■ **ASSIGNMENT**
Reproduce all the lines below exactly and omit the images.

■ **COLLECTED MATERIAL**
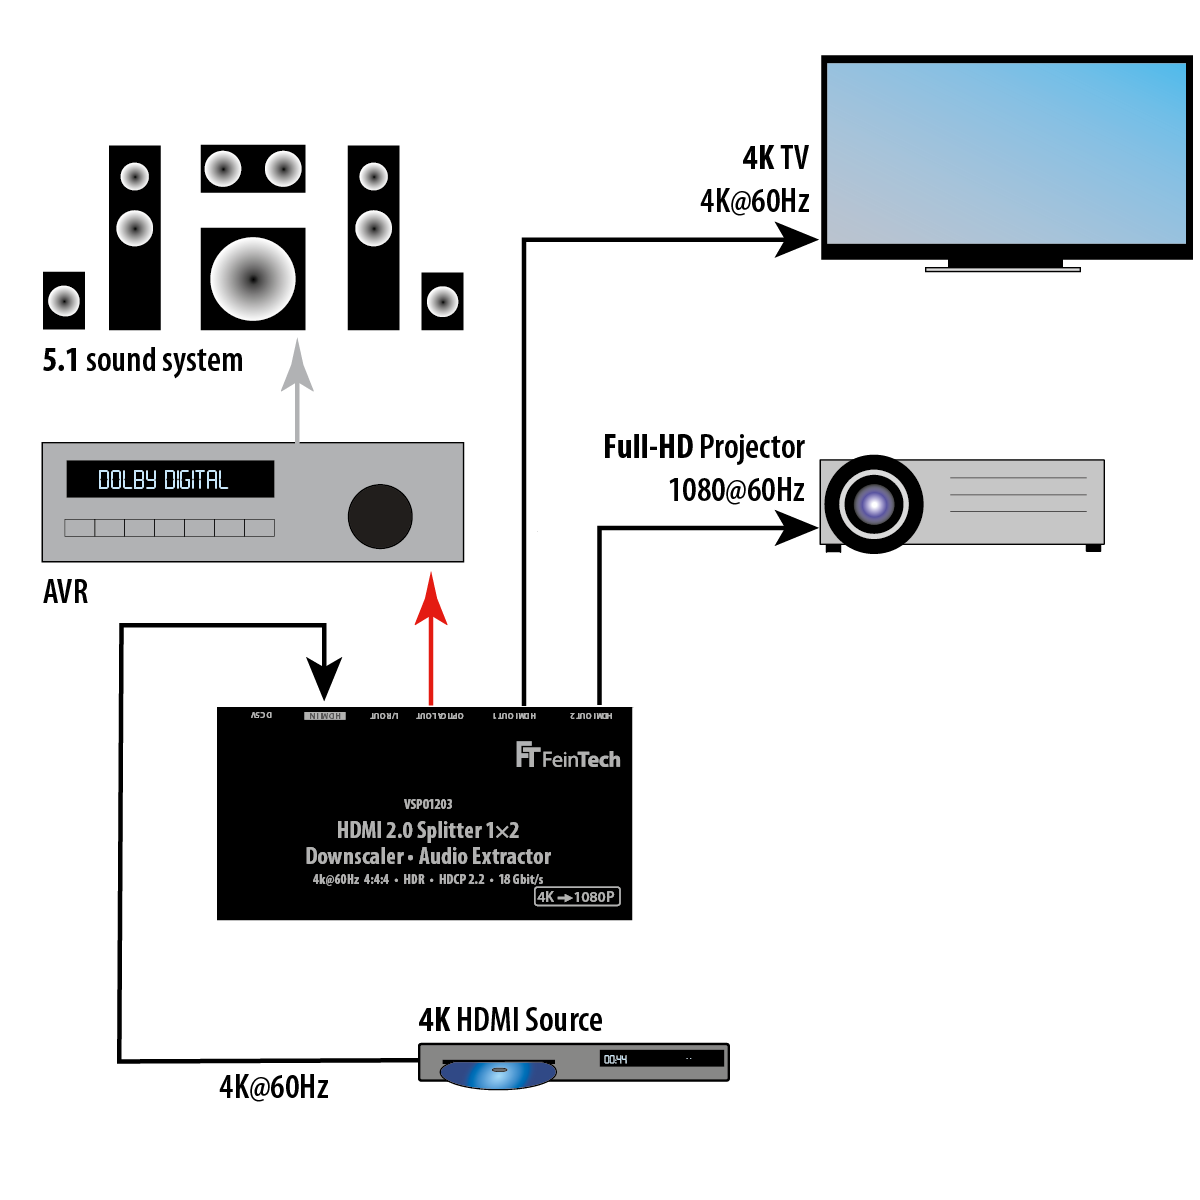 FEINTECH VSP01203 Verteiler 2 HDMI Audio 1x HDMI Splitter mit Extractor
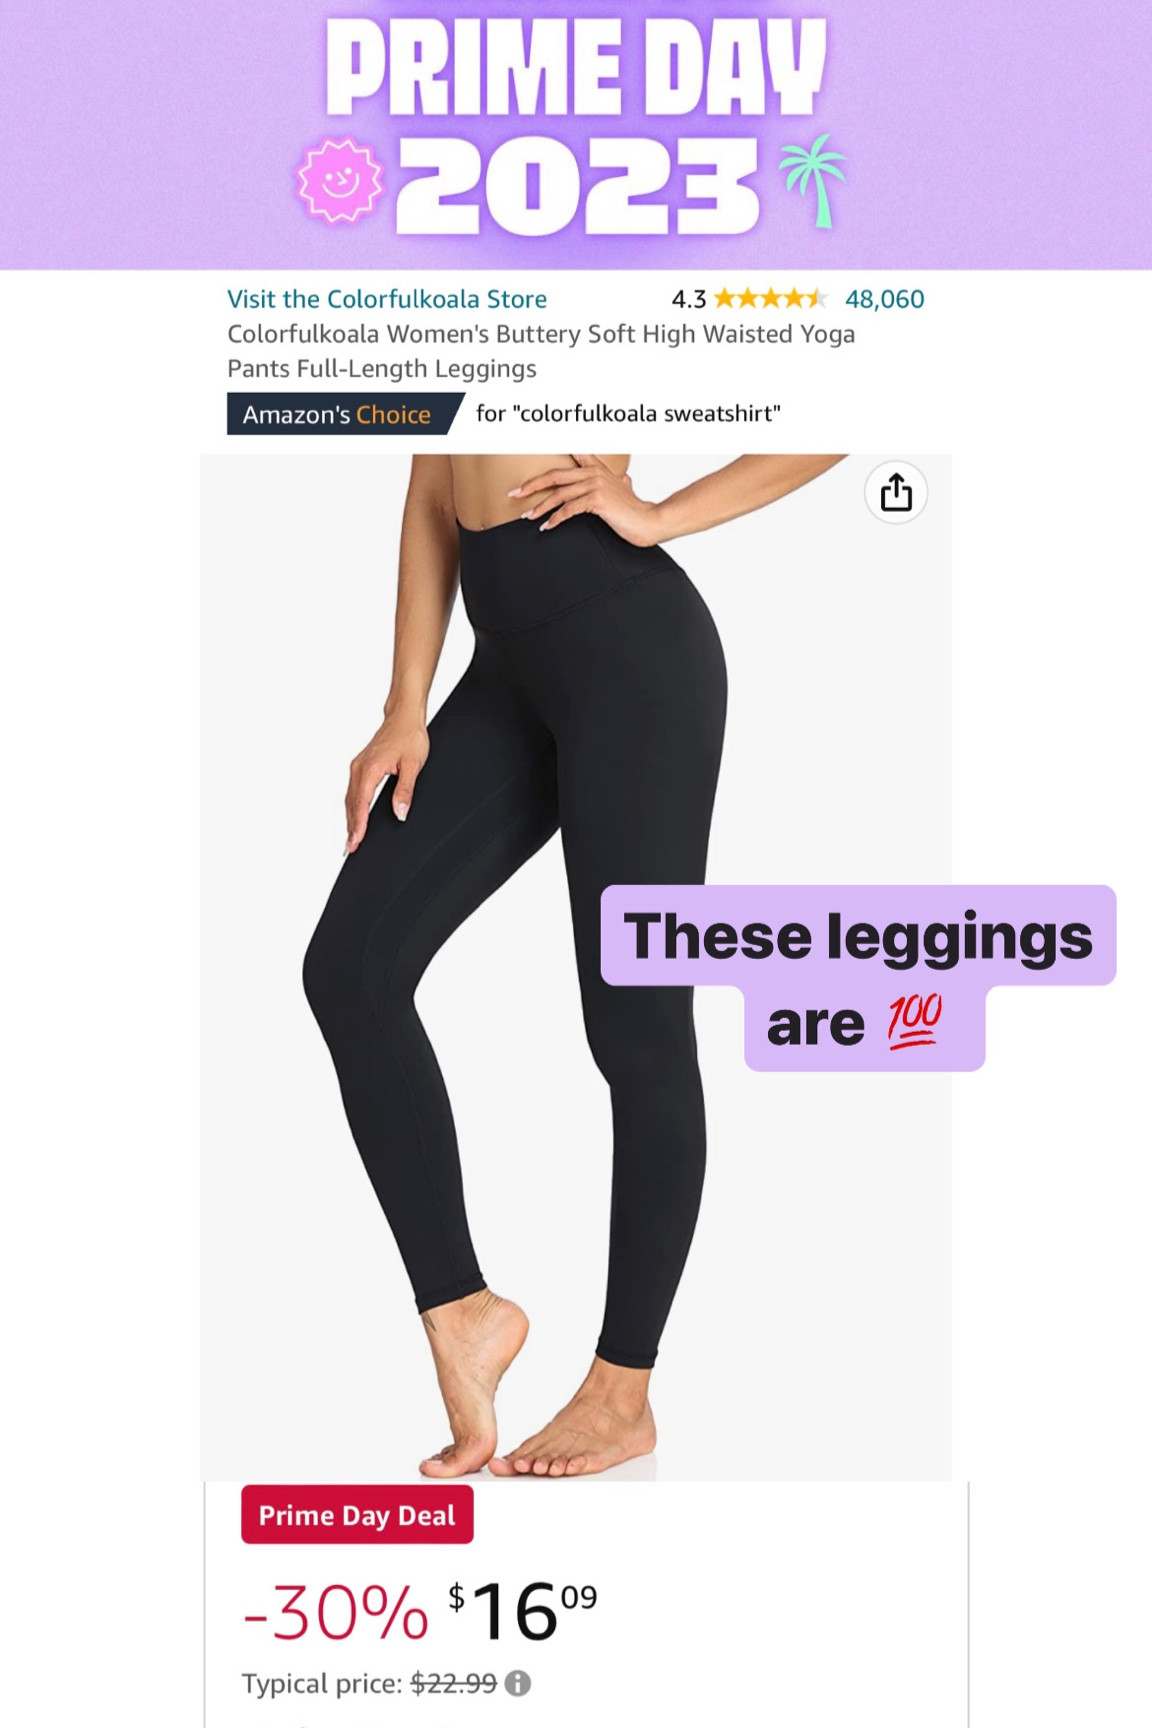 Women's Buttery Soft High Waisted Yoga Pants Full-Length Leggings
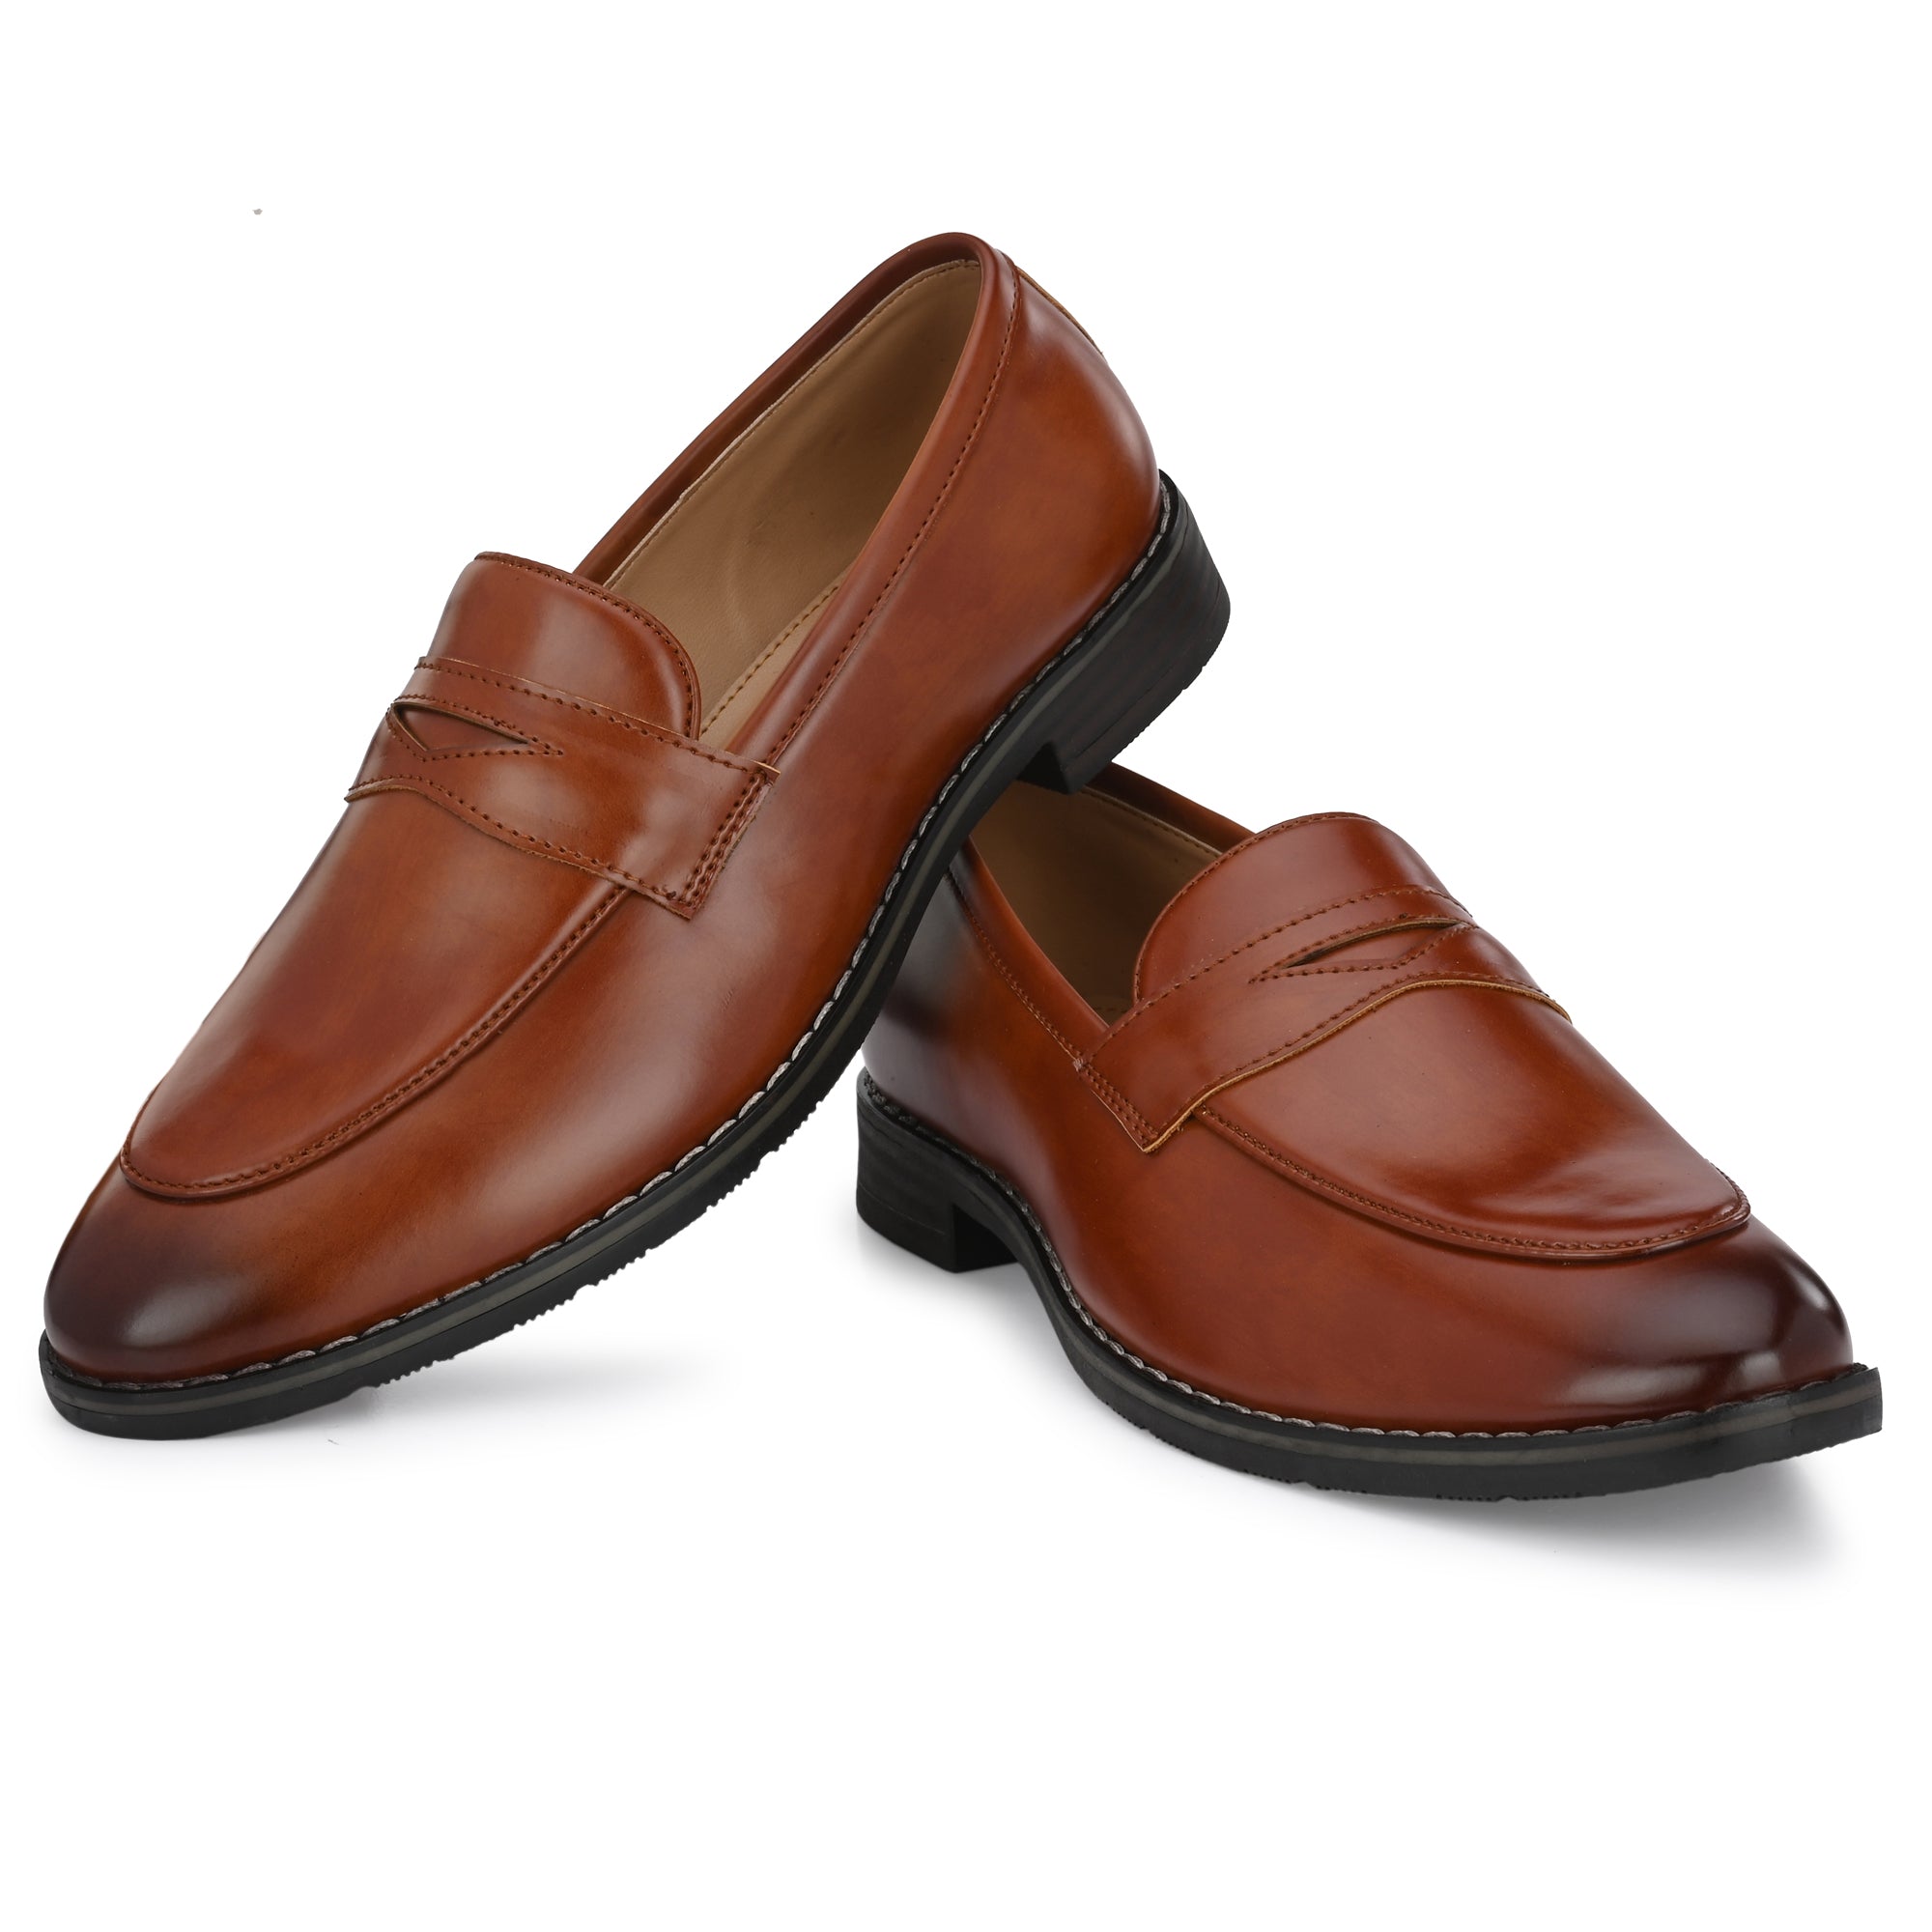 tan-loafers-attitudist-shoes-for-men-sp8c

■ **SOLUTION TO THE EXERCISE**
 FEINTECH VSP01203 Verteiler 2 HDMI Audio 1x HDMI Splitter mit Extractor
 Women's Buttery Soft High Waisted Yoga Pants Full-Length Leggings
 tan-loafers-attitudist-shoes-for-men-sp8c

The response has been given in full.